* [Task details]: Restate the data below word for word, omitting pictures.

* [Data]:
◆ ◆ ◆ ◆ ◆

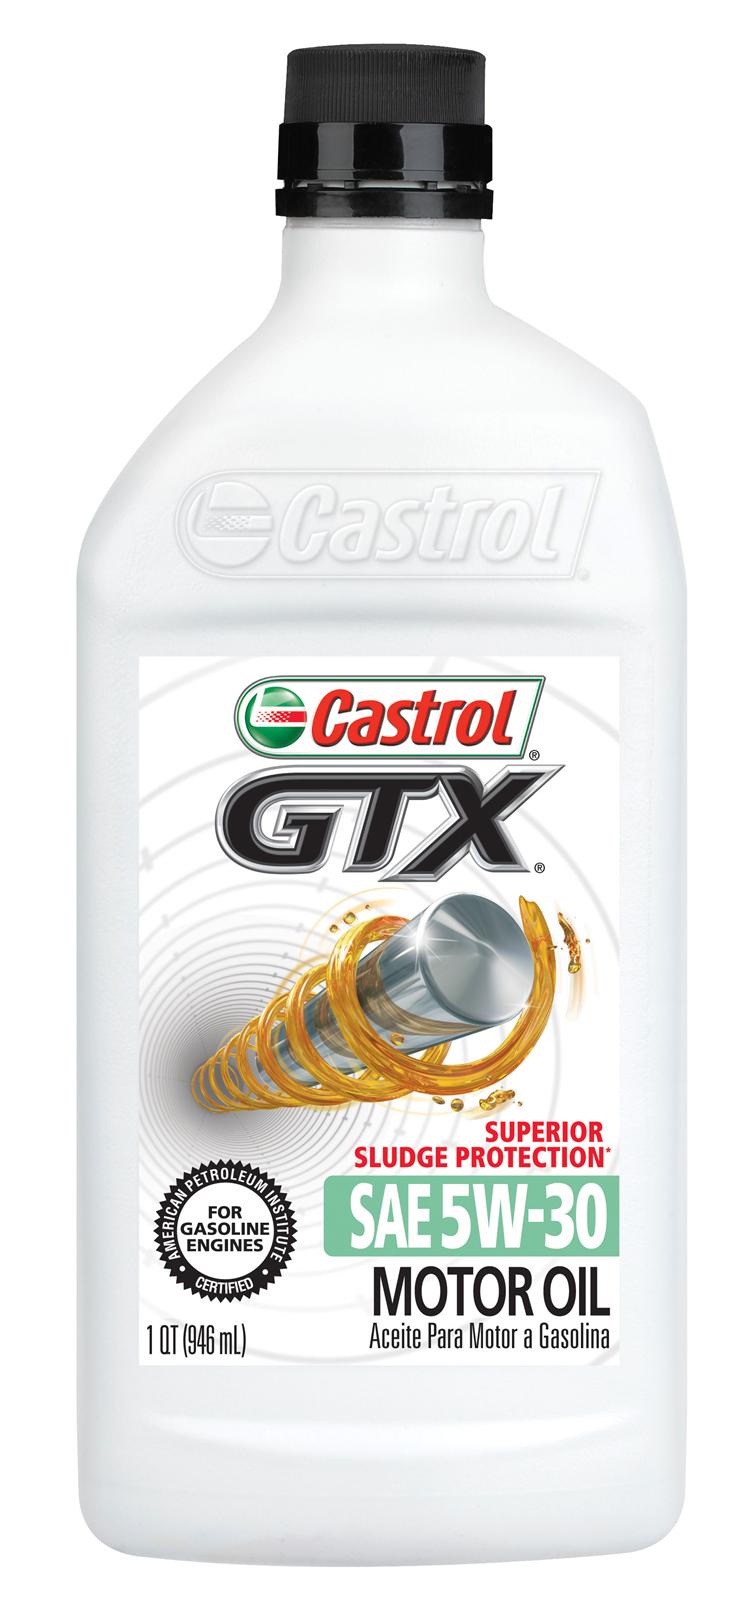 Santie Oil Company  Castrol GTX Ultraclean 5w30 - 55 Gallon Drum
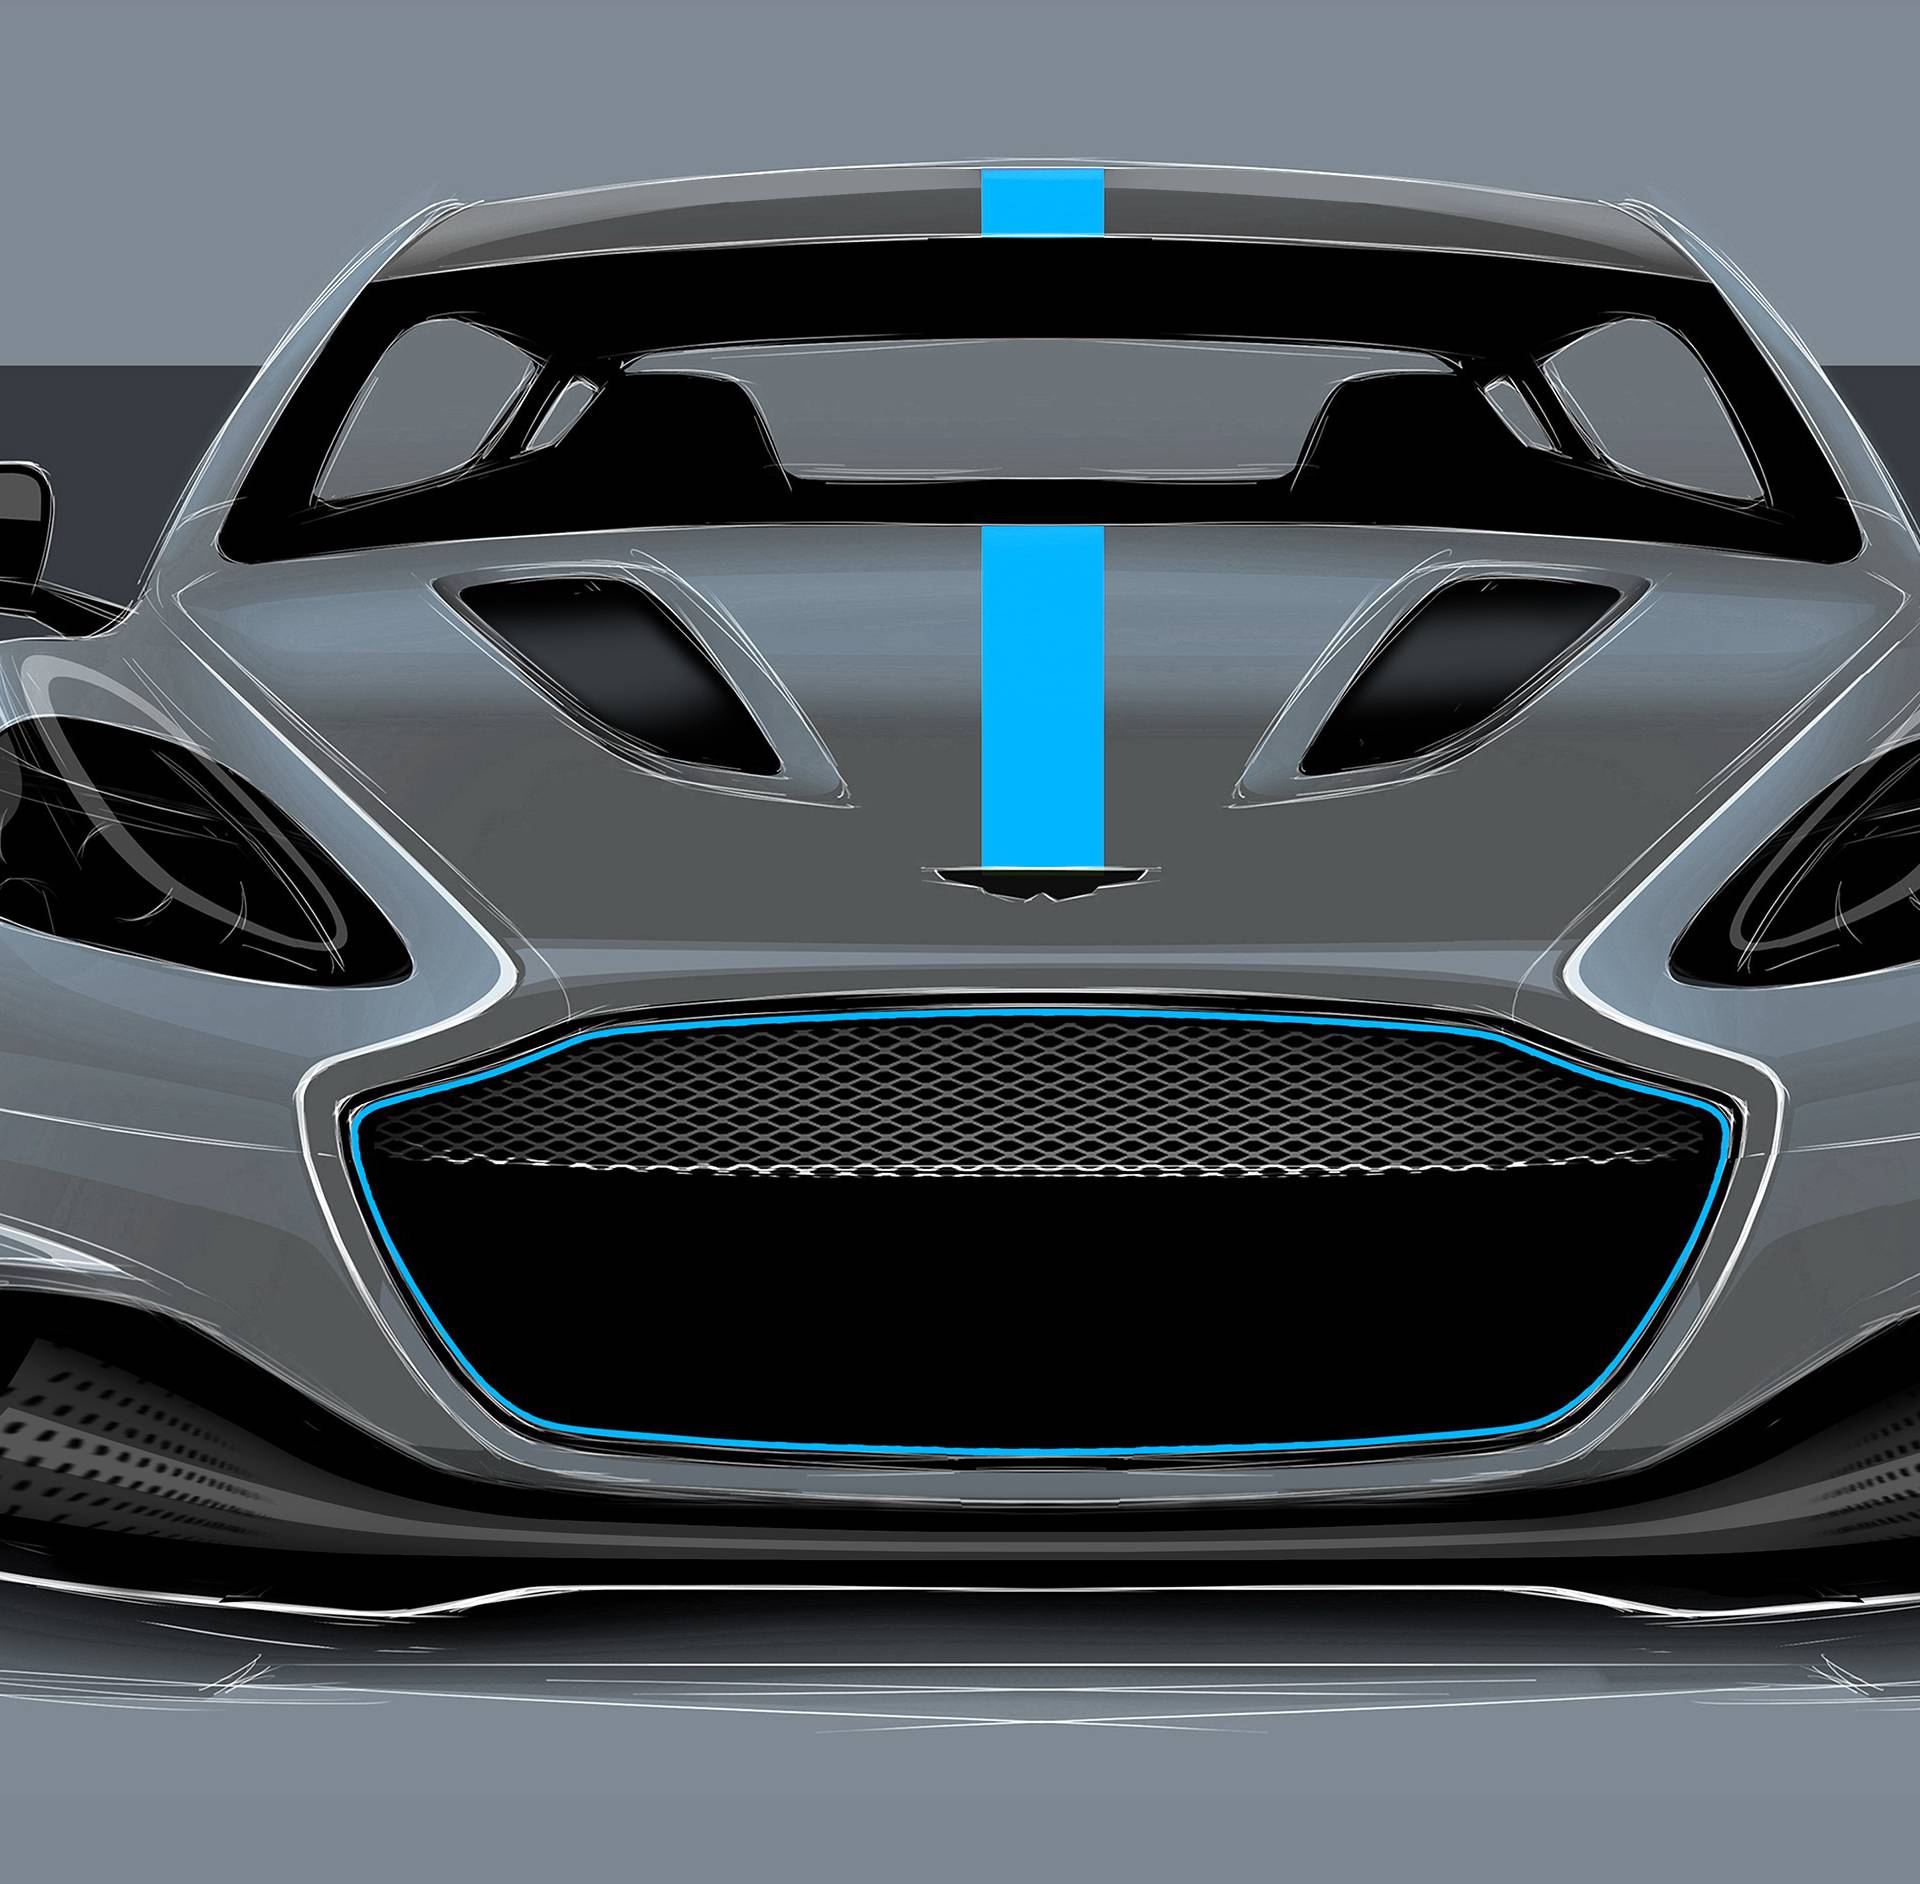 Elektro jurilica za dva milijuna kuna: Dolazi novi Aston Martin
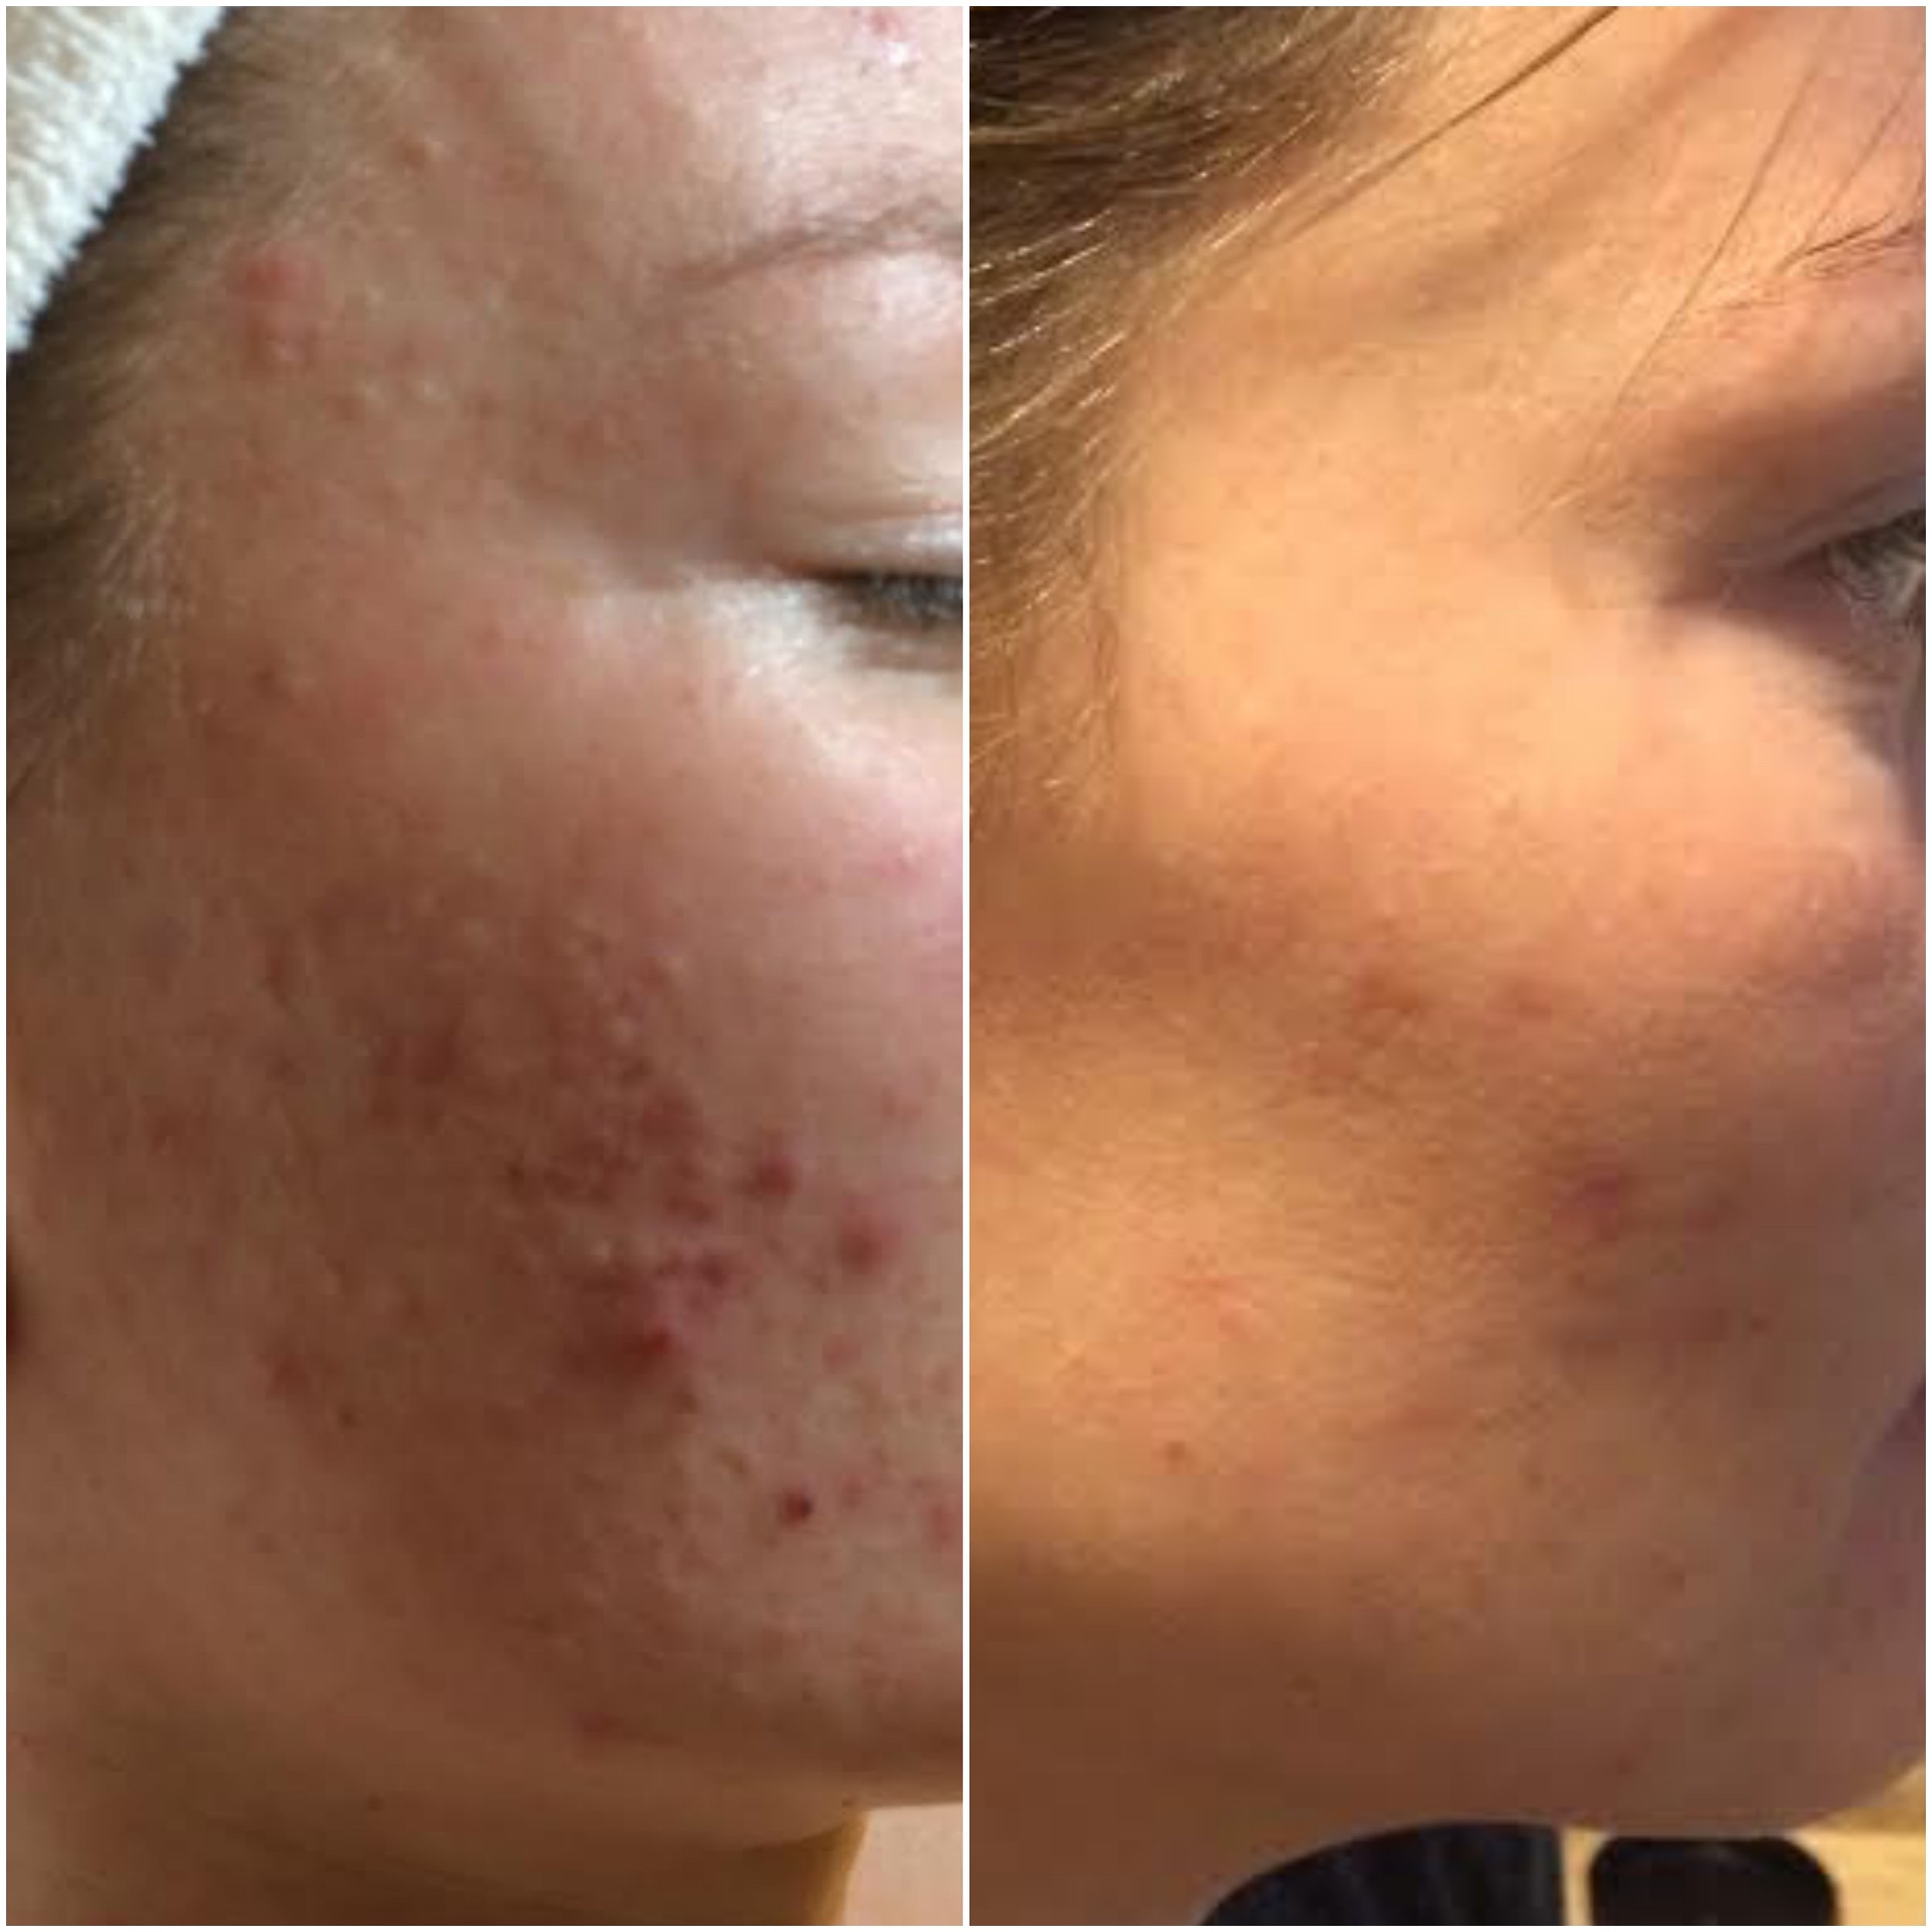   Cystic acne cleared using NŪR hi-tech facial series

◆ ◆ ◆ ◆ ◆

* [Task solution]:
 Santie Oil Company  Castrol GTX Ultraclean 5w30 - 55 Gallon Drum
 Elektro jurilica za dva milijuna kuna: Dolazi novi Aston Martin
   Cystic acne cleared using NŪR hi-tech facial series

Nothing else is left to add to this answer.